#### [Data section]
::::::::::

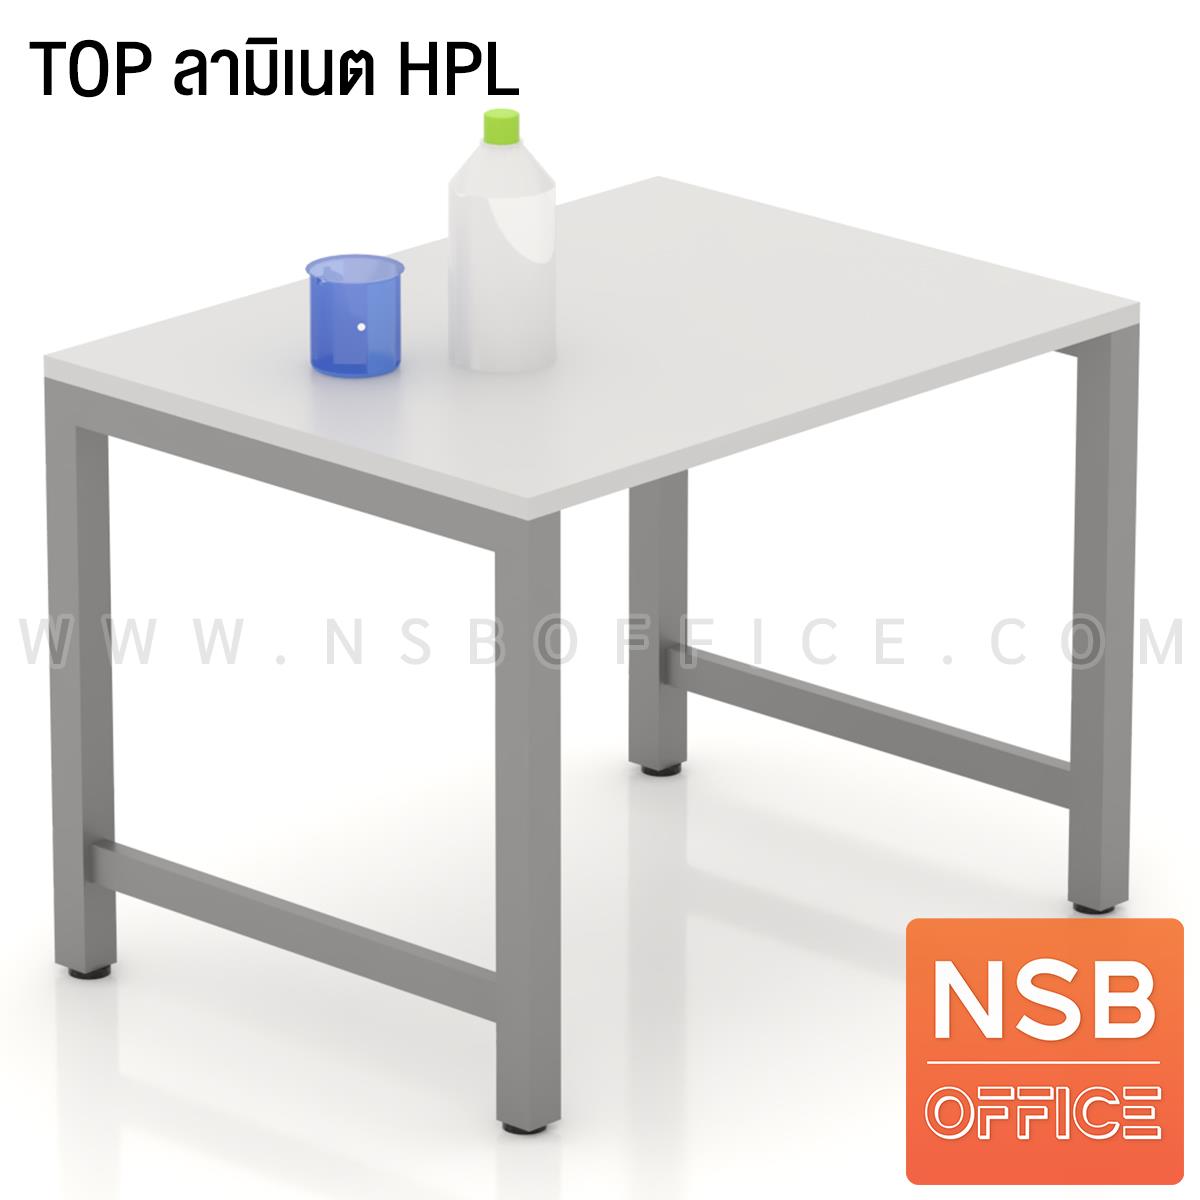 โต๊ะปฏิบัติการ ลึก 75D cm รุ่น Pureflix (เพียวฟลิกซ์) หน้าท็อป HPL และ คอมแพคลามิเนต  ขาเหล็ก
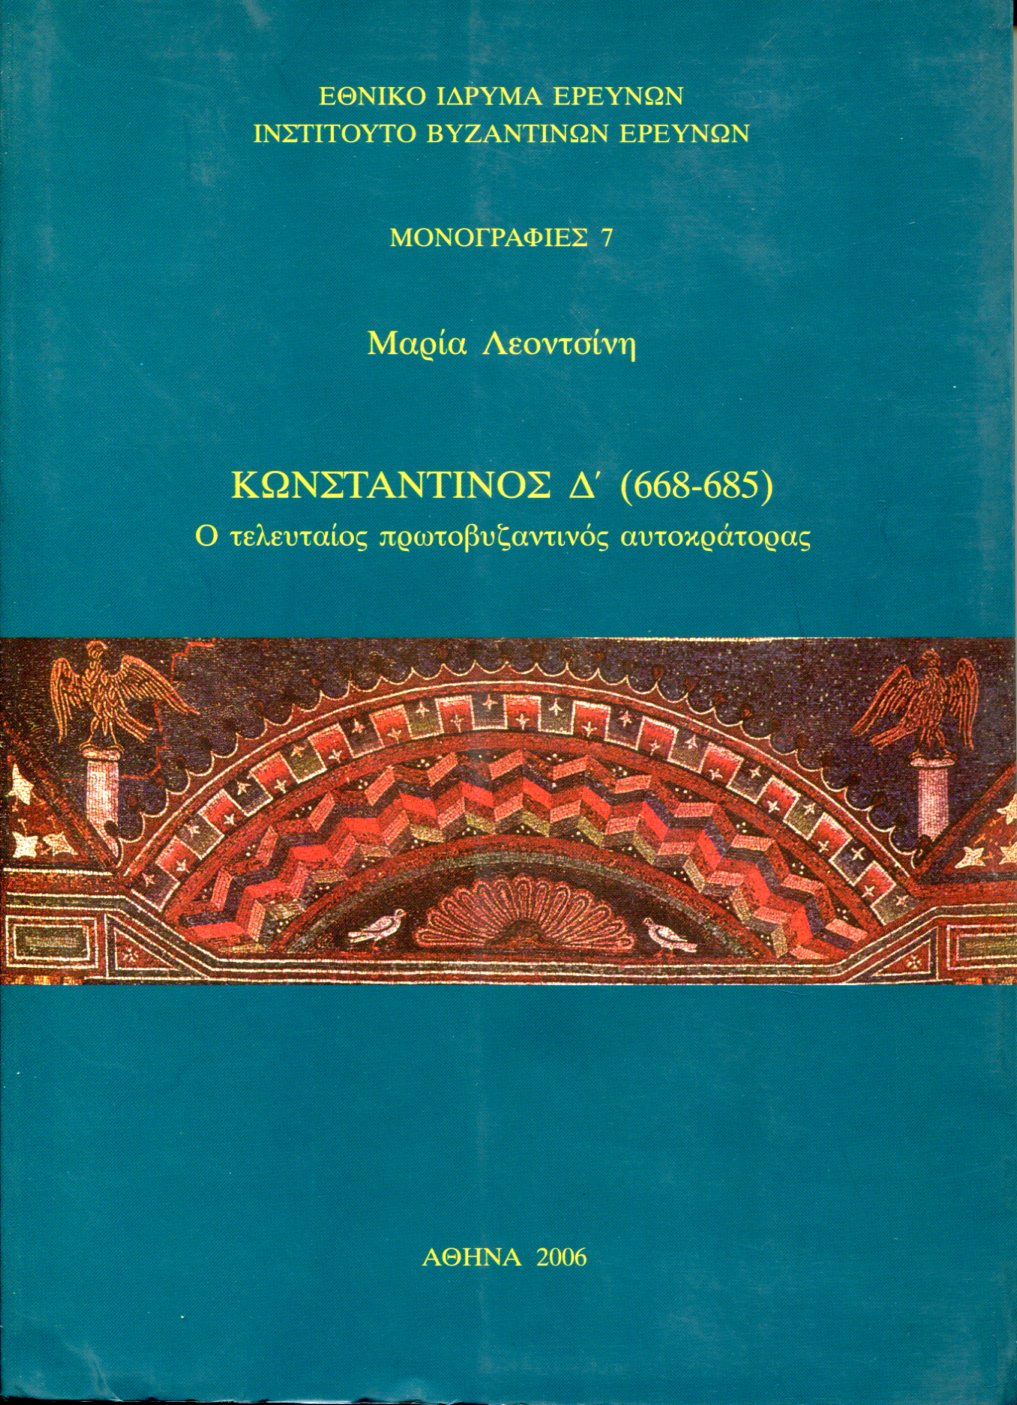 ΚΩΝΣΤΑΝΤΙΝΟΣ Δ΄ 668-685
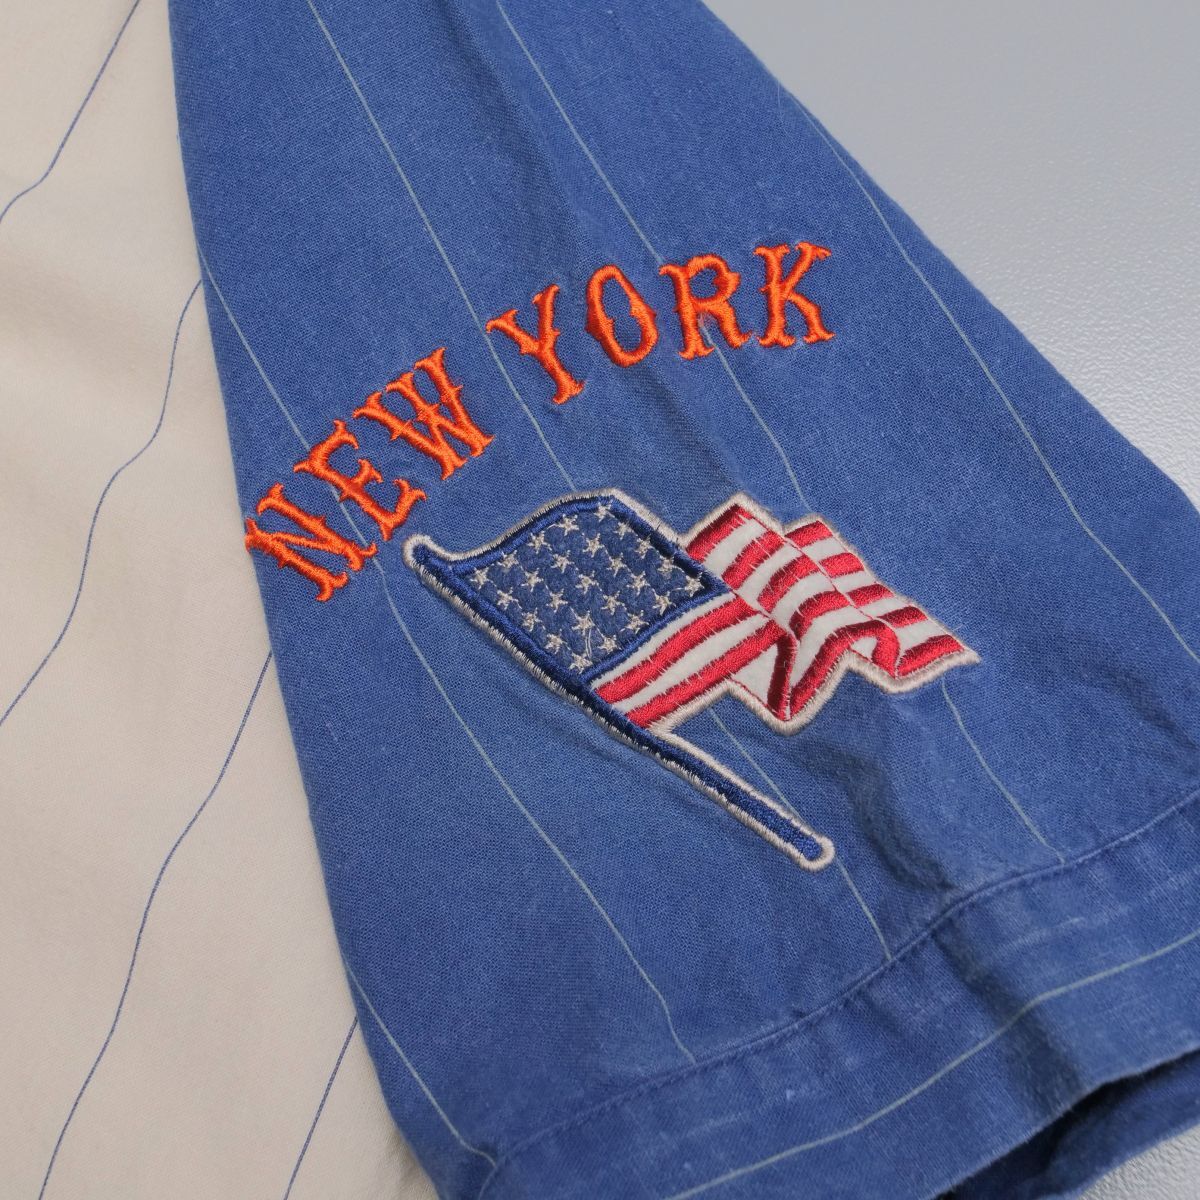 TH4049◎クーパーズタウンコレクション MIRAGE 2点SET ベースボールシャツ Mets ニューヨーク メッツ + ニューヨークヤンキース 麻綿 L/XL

::::::::::

#### [Your assignment]
From the first line to the last, copy the listing above exactly and leave out the images.

#### [Output below]
 โต๊ะปฏิบัติการ ลึก 75D cm รุ่น Pureflix (เพียวฟลิกซ์) หน้าท็อป HPL และ คอมแพคลามิเนต  ขาเหล็ก
 ΚΩΝΣΤΑΝΤΙΝΟΣ Δ΄ 668-685
 TH4049◎クーパーズタウンコレクション MIRAGE 2点SET ベースボールシャツ Mets ニューヨーク メッツ + ニューヨークヤンキース 麻綿 L/XL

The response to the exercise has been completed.